Member of the Cook County Board of Commissioners from the 6th district
- In office December 2002 – September 18, 2016
- Preceded by: William Moran
- Succeeded by: Edward Moody

Personal details
- Born: Joan Patricia O'Malley 1936/1937 South Boston, Massachusetts, U.S.
- Died: September 18, 2016 (aged 79) Crestwood, Illinois, U.S.
- Political party: Democratic
- Spouse: Donald Francis Murphy ​ ​(m. 1973⁠–⁠2016)​
- Children: 4
- Alma mater: University of Massachusetts

= Joan Patricia Murphy =

American politician

Joan Patricia Murphy ( O'Malley; 1936/1937 – September 18, 2016) was an American Democratic politician and member of the Cook County Board of Commissioners, representing the 6th district which is located in the Chicago Southland.

==Biography==
Murphy was born Joan Patricia O'Malley in South Boston, Massachusetts, one of four siblings born to Concetta ( Fama) and Michael O'Malley. She graduated from State Teachers College (now University of Massachusetts, Boston).

From 1965 to 1969 she was the elected clerk of the Village of Crestwood, and later the elected clerk for Worth Township. She went on to be the elected Supervisor for Worth Township. In 1986, Murphy ran in the election to be a member of the Cook County Board of Commissioners from suburban Cook County. While successful in winning the primary to be one of the Democratic Party's nominees, she failed to win election in the general election.

In 1994, when the Cook County Board of Commissioners switched to single-member districts, she ran unsuccessfully to represent its 6th district, losing to Republican Bud Fleming.

In 2002 she won election to represent the 6th district of the Cook County Board of Commissioners. She was reelected in 2006, 2010, and 2014.

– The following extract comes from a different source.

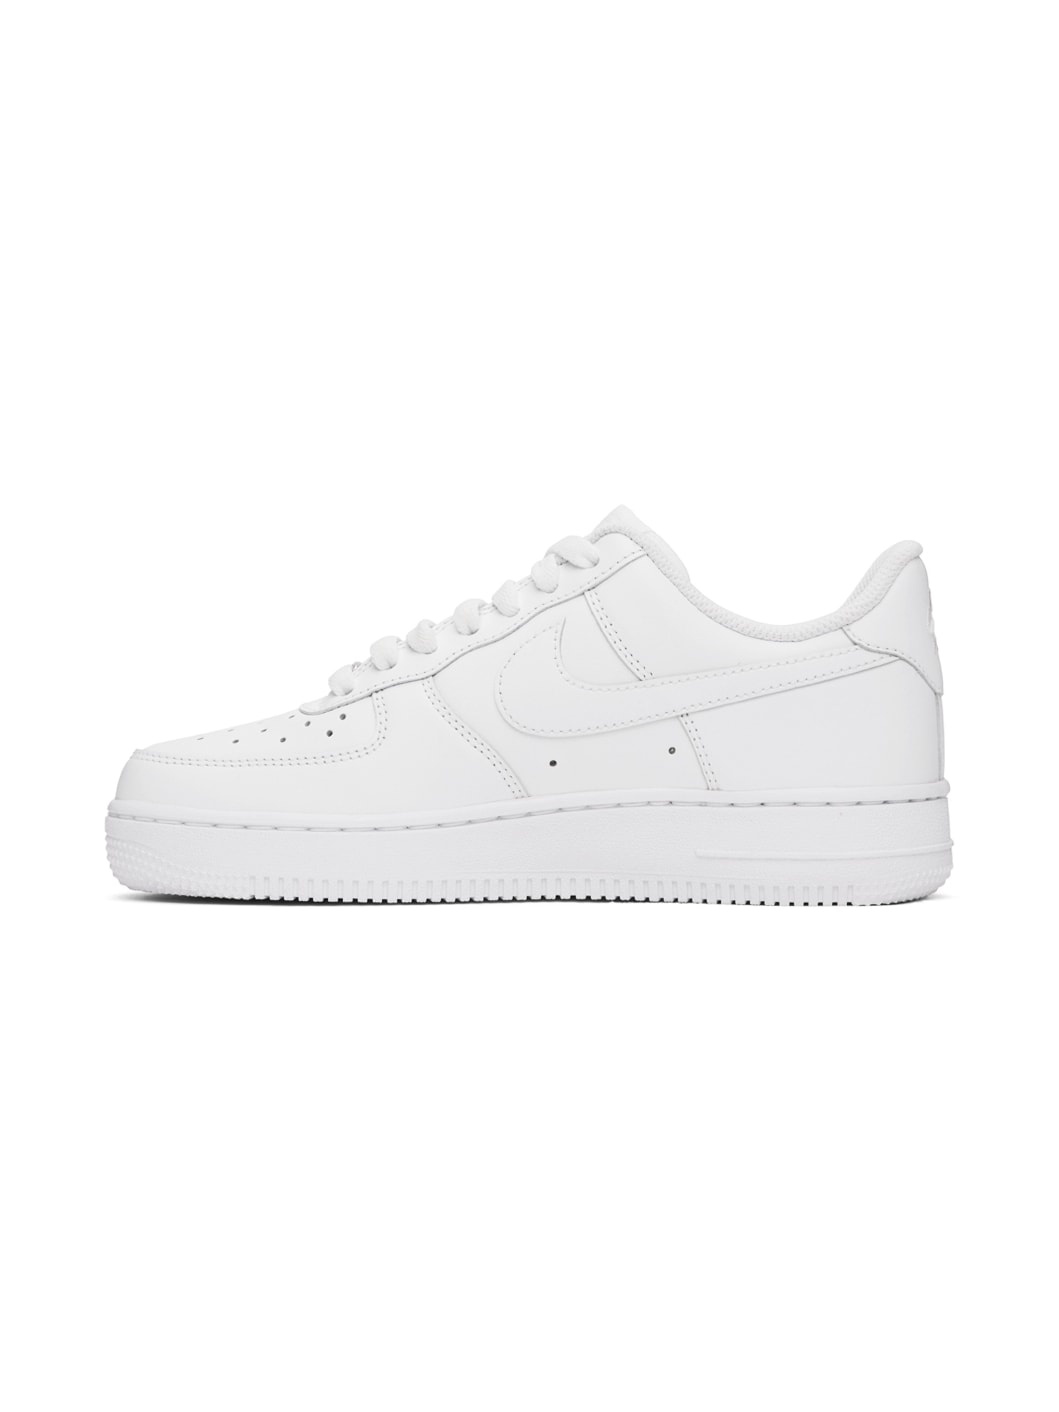 White Air Force 1 '07 Sneakers - 3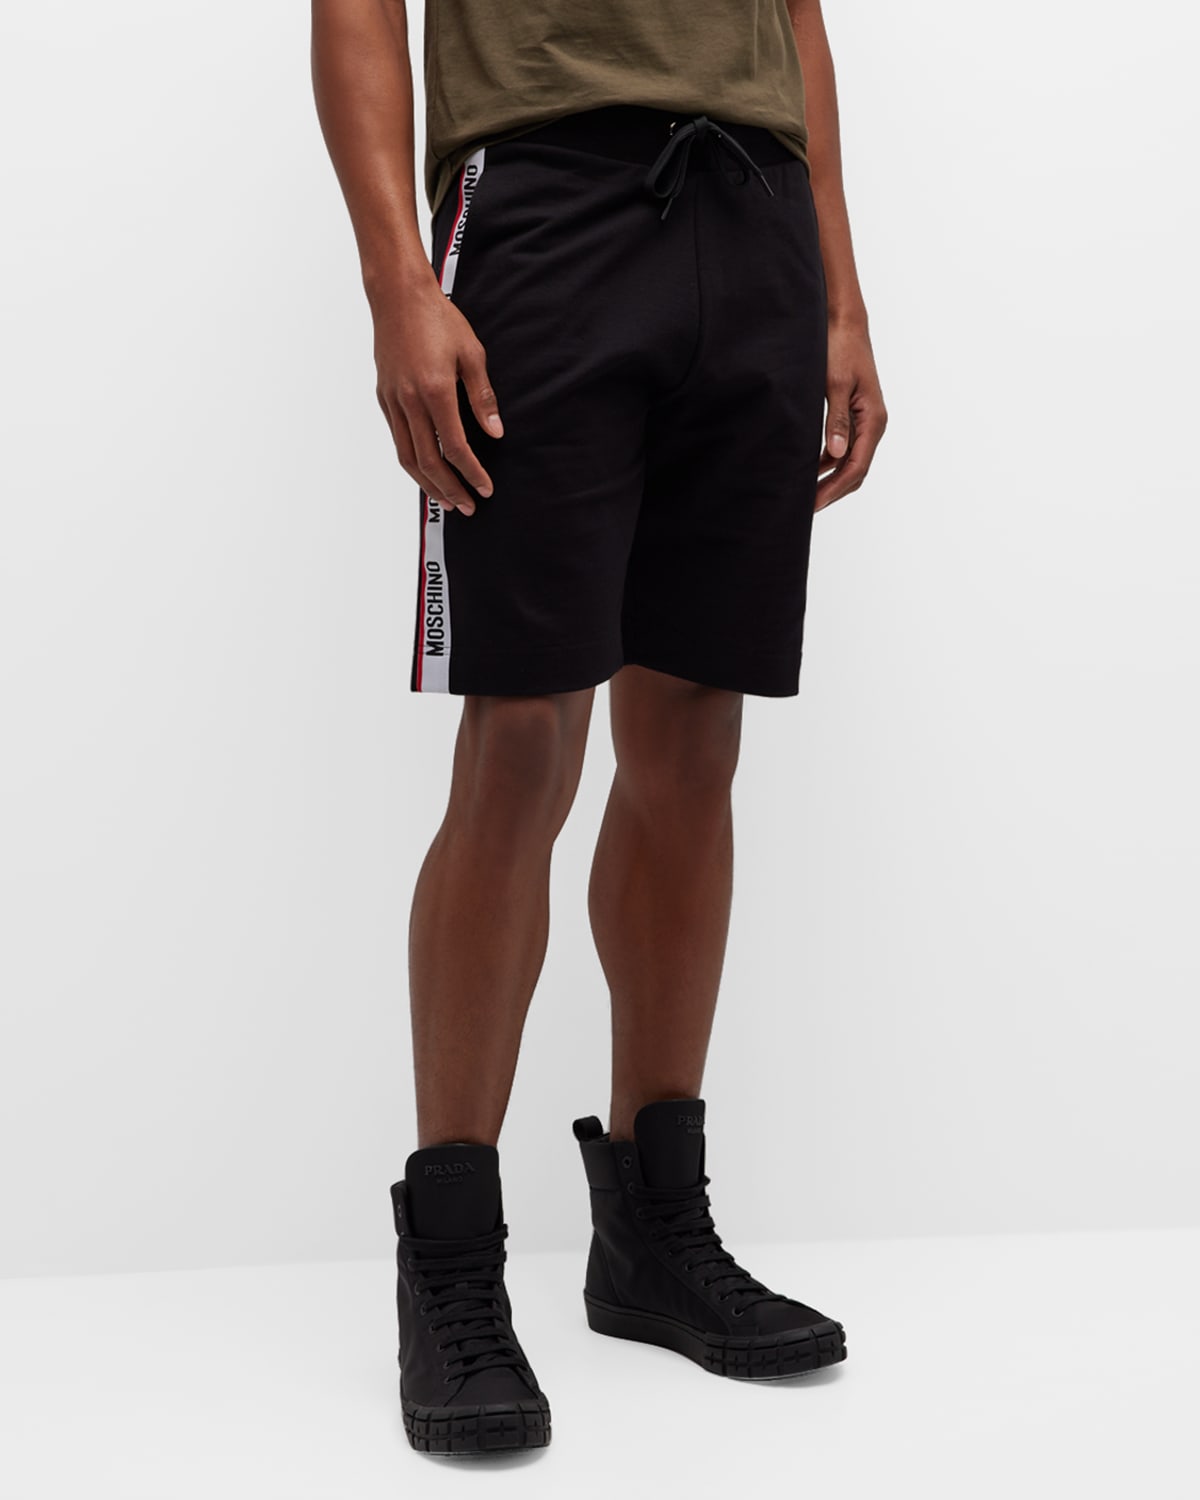 Moschino Men's Athletic Shorts With Side Taping In Black

Murphy was Chairperson of the Labor Committee and of the Finance-Labor Committee. She was Vice-Chairperson of the Finance-Real Estate Committee and the Zoning and Building Committee. Additionally, Murphy served on 13 committees: Administration, Business and Economic Development, Education, Litigation, Tax Delinquency, Stroger and Cermak Hospitals, Oak Forest Hospital, Provident Hospital, Legislation and Intergovernmental Relations, Health and Hospitals, Finance, Zoning and Buildings, and Roads and Bridges. Murphy led a fight against supervisors taking mandated, unpaid furlough leave.

==Death==
Murphy died on September 18, 2016, from breast cancer. She was 79 years old.